What is required:
The lines below starting at the line containing "Illustrations for Mailchimp website" and ending at the line containing "1. Contoh Surat Keterangan Kerja Untuk KPR" are to be repeated exactly, with both ends kept and nothing else added.

** Data to process follows **

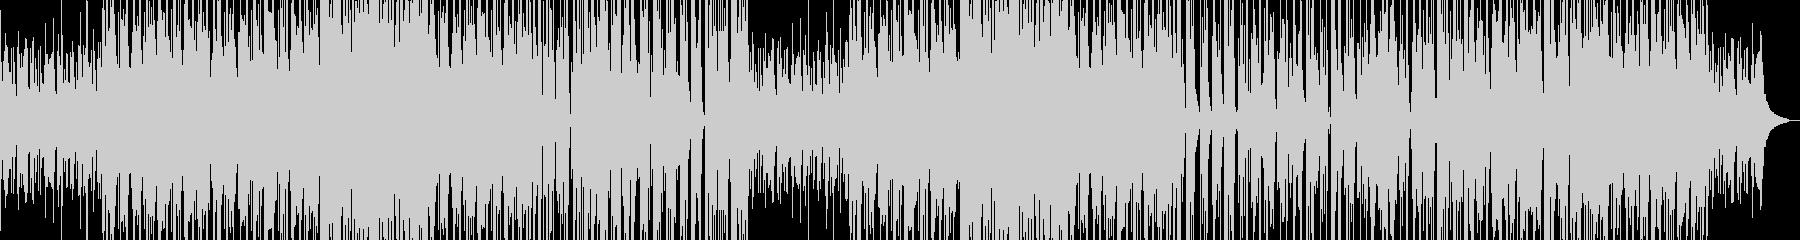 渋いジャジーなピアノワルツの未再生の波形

** End of Data to process **
** Data to process follows **

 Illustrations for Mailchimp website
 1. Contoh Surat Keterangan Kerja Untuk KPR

** End of Data to process **

Solution:
 Illustrations for Mailchimp website
 1. Contoh Surat Keterangan Kerja Untuk KPR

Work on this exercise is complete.